GML-1

Identifiers
- IUPAC name N-benzyl-N-methyl-1-phenylpyrrolo[1,2-a]pyrazine-3-carboxamide;
- CAS Number: 1772608-75-9;
- PubChem CID: 122393153;
- ChemSpider: 67166536;

Chemical and physical data
- Formula: C_{22}H_{19}N_{3}O
- Molar mass: 341.414 g·mol^{−1}
- 3D model (JSmol): Interactive image;
- SMILES CN(CC1=CC=CC=C1)C(=O)C2=CN3C=CC=C3C(=N2)C4=CC=CC=C4;
- InChI InChI=1S/C22H19N3O/c1-24(15-17-9-4-2-5-10-17)22(26)19-16-25-14-8-13-20(25)21(23-19)18-11-6-3-7-12-18/h2-14,16H,15H2,1H3; Key:QFYYHTVZHIEVCW-UHFFFAOYSA-N;

= GML-1 =

Chemical compound

GML-1 is a TSPO (peripheral benzodiazepine receptor) ligand with anxiolytic activity. Its binding affinity (Ki value) to TSPO is comparable with PK11195. GML-1 is selective for TSPO versus the central benzodiazepine receptor (CBR, GABAA receptor). The compound GML-1 was the most active of a series of 1-arylpyrrolo[1,2-a]pyrazine-3-carboxamides, and its anxiolytic effects were examined using the open field test (OFT) and the elevated plus maze (EPM) test. The EPM test is a general anxiety test measuring the time spent by animals in the open or the enclosed arms. When compound was administered to CD-1 mice at the dose of 1.0 mg/kg, it significantly increased the percentage of open arm entries and the time spent in the open arms. GML-1 is a potential antianxiety agent.

The TSPO-mechanism of anxiolytic action of GML-1 was proved by inhibitor analysis with TSPO antagonist PK11195 that blocks effect of GML-1.

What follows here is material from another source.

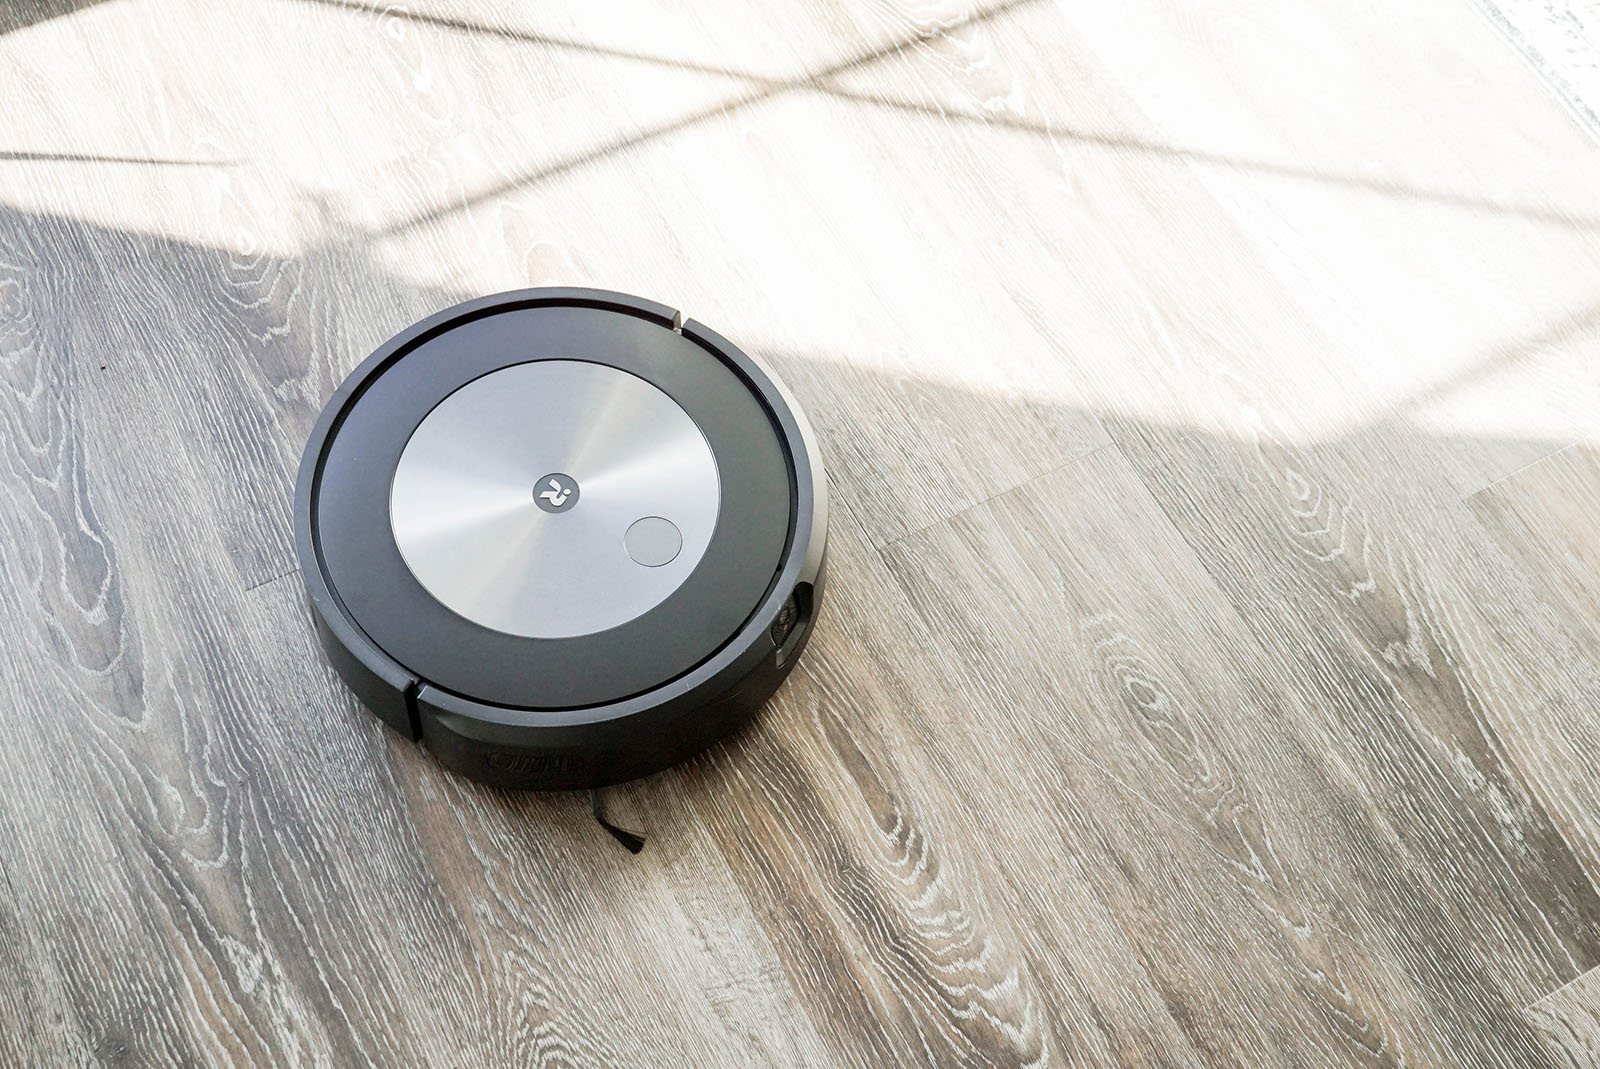 iRobot Roomba j7+ review 6

The involvement of neurosteroids in the mechanism of action of GML-1 was confirmed by co-administration of GML-1 with neurosteroid synthesis inhibitors. The anxiolytic effect of GML-1 in elevated plus-maze tests was completely blocked by the neurosteroidogenic-enzyme inhibitors trilostane and finasteride.

The tablet dosage form of GML-1 was developed and showed pronounced anxiolytic activity after intragastric administration in rats in a wide range of doses.